Father Berg said that while the section regarding embryo adoption—n. 19—is not clear, “one has to recognize that the overall tenor of n. 19 is leaning heavily in the direction of teaching that embryo adoption would be illicit.”
“That in itself should be enough to give us pause at this point,” he said, “and if a couple were to come to me and ask my advice, I would encourage them to hold off at this point, hopeful that the CDF will soon give definitive clarity to the question one way or another.”
Whatever the outcome of the debate over embryo transfer, it’s clear that the Church hopes and prays that a more basic issue will be resolved. The new instruction repeats the appeal Pope John Paul II issued in 1996: to halt production of human embryos.

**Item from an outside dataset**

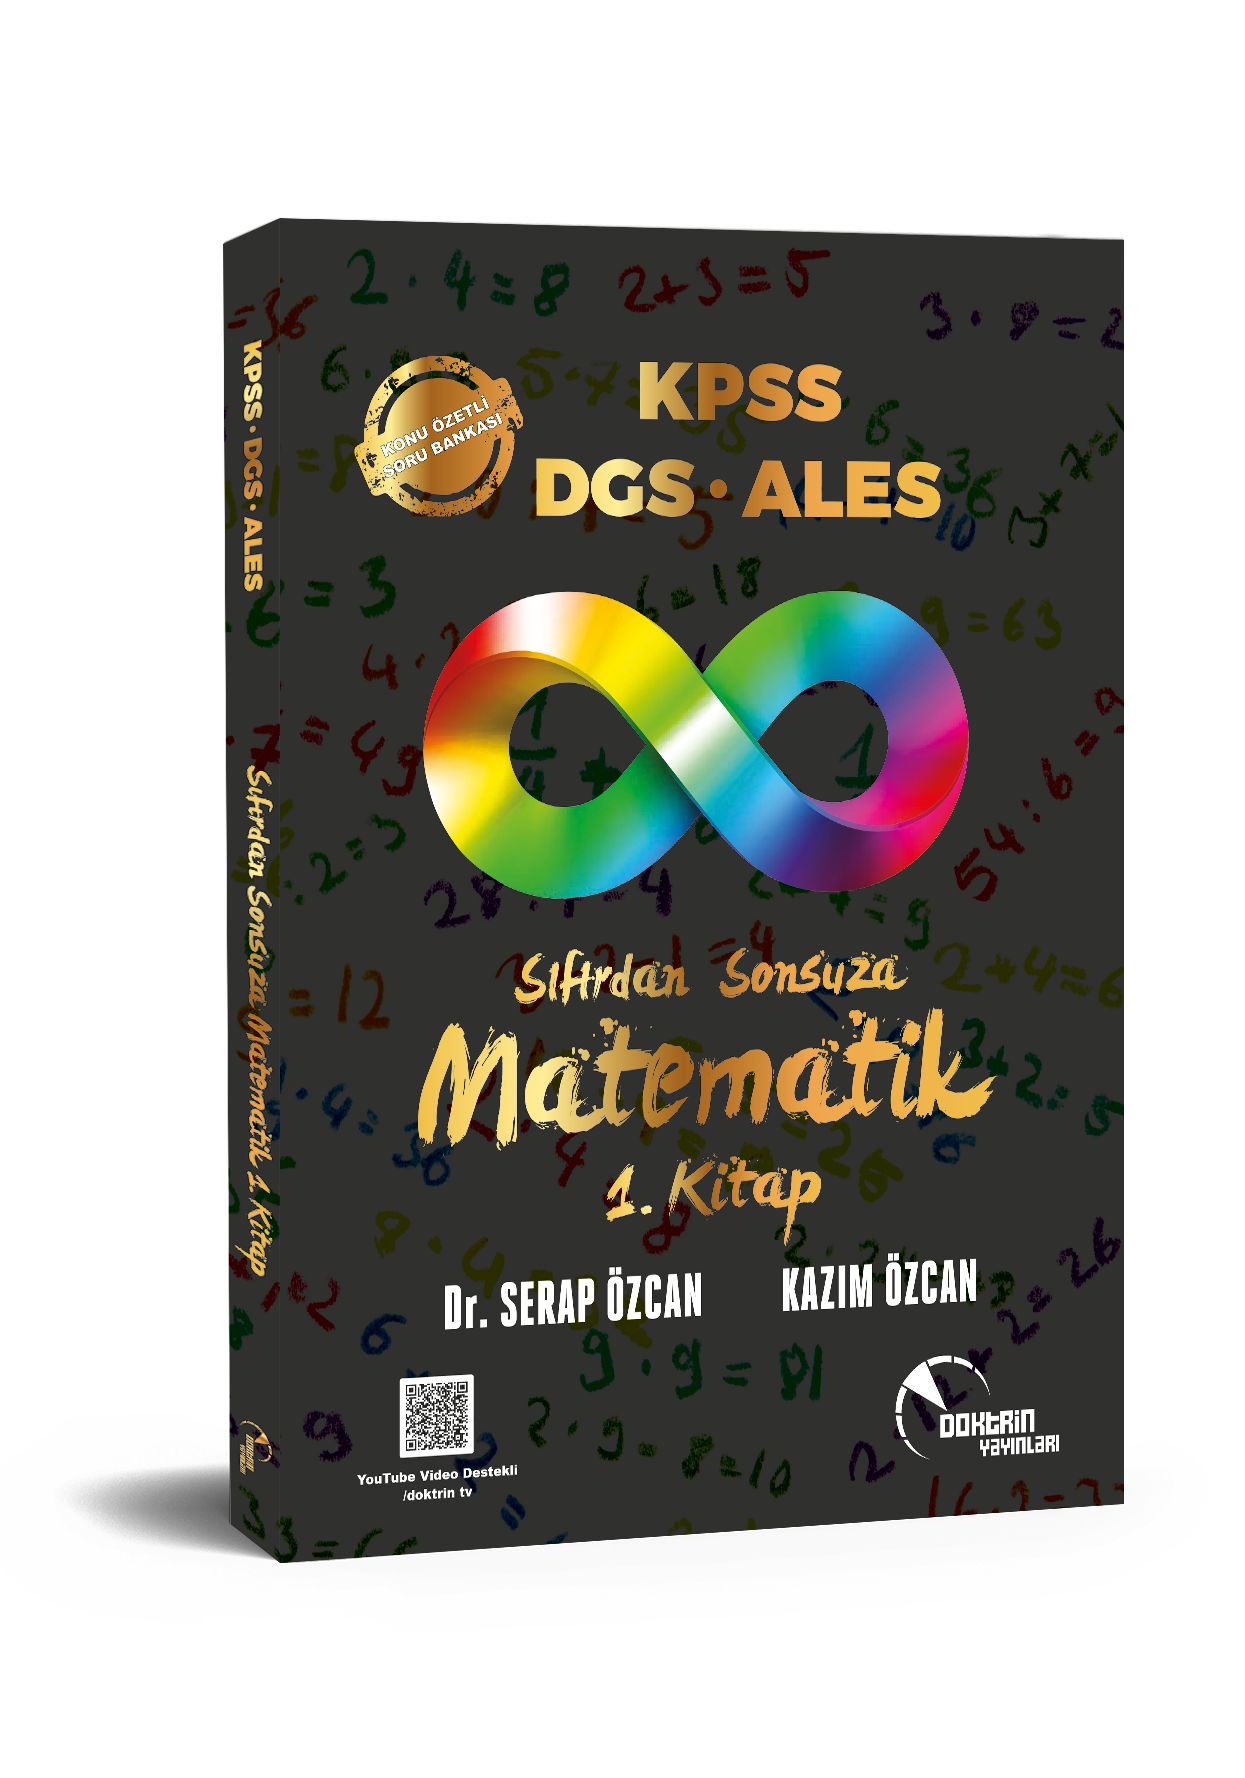 KPSS / DGS / ALES Sıfırdan Sonsuza Matematik (1.Kitap) Konu Özetli Soru Bankası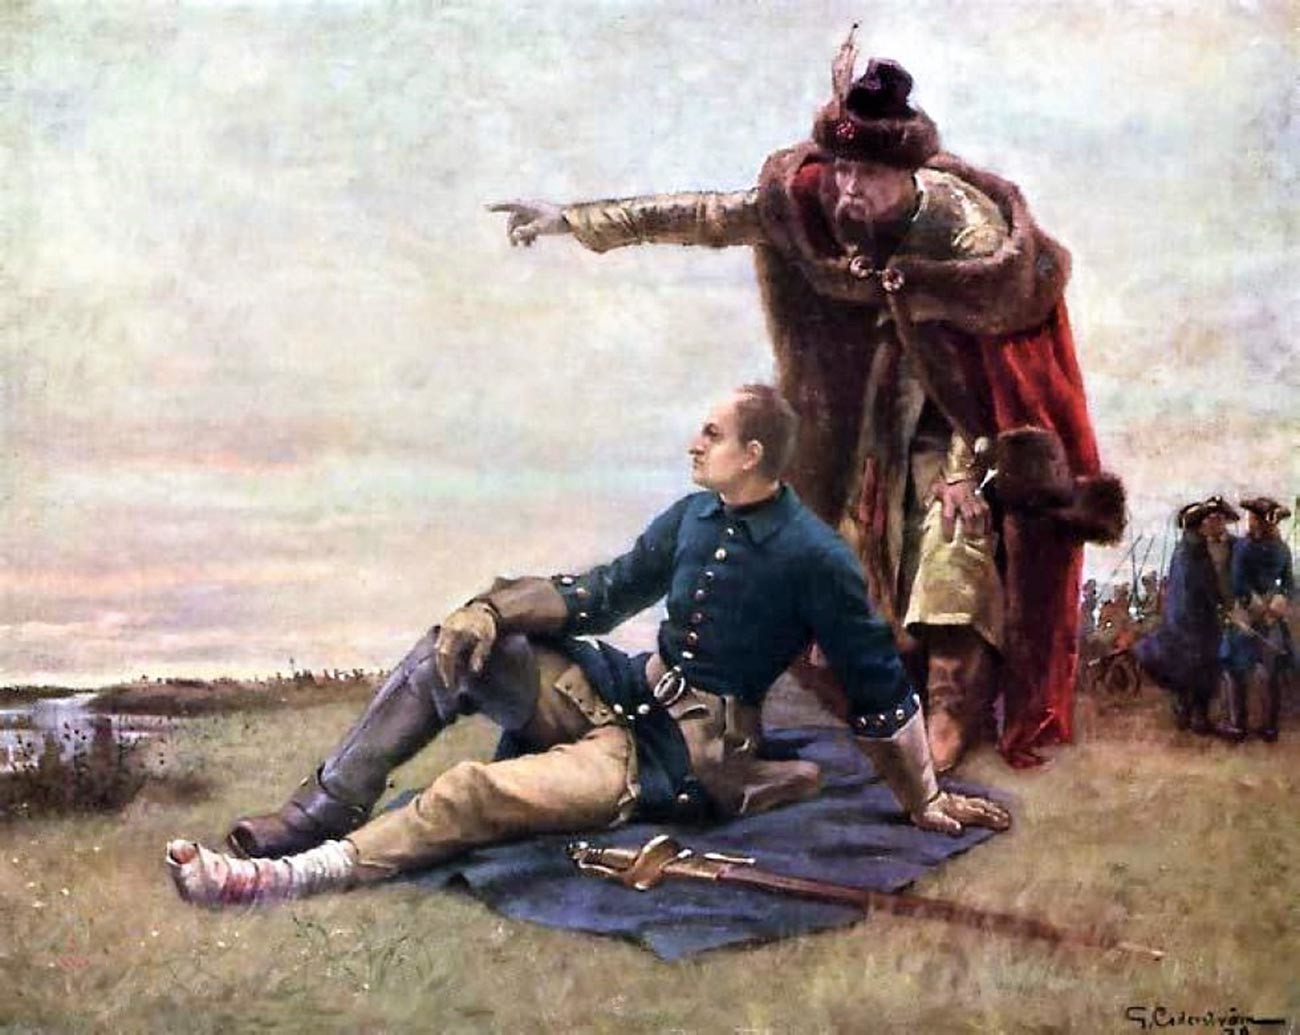 Carlos XII e Ivan Maziépa depois da Batalha de Poltava.


“The main point of the instruction is: ‘Stop making [embryos] in the first place,’” said Father Gahl. “This is a problem that is caused by sins being committed, by immoral activity [in vitro fertilization and other artificial means of reproduction], and the hope is for it to stop.”
Speaking at the Vatican press conference to explain the document, Bishop Elio Sgreccia, former president of the Pontifical Academy for Life, who helped prepare the document, told reporters: “The basic advice, explicitly stated in the document, is that embryos must not be frozen. It is one of those actions that have no remedy. Once it is done, correcting it implies committing another error.”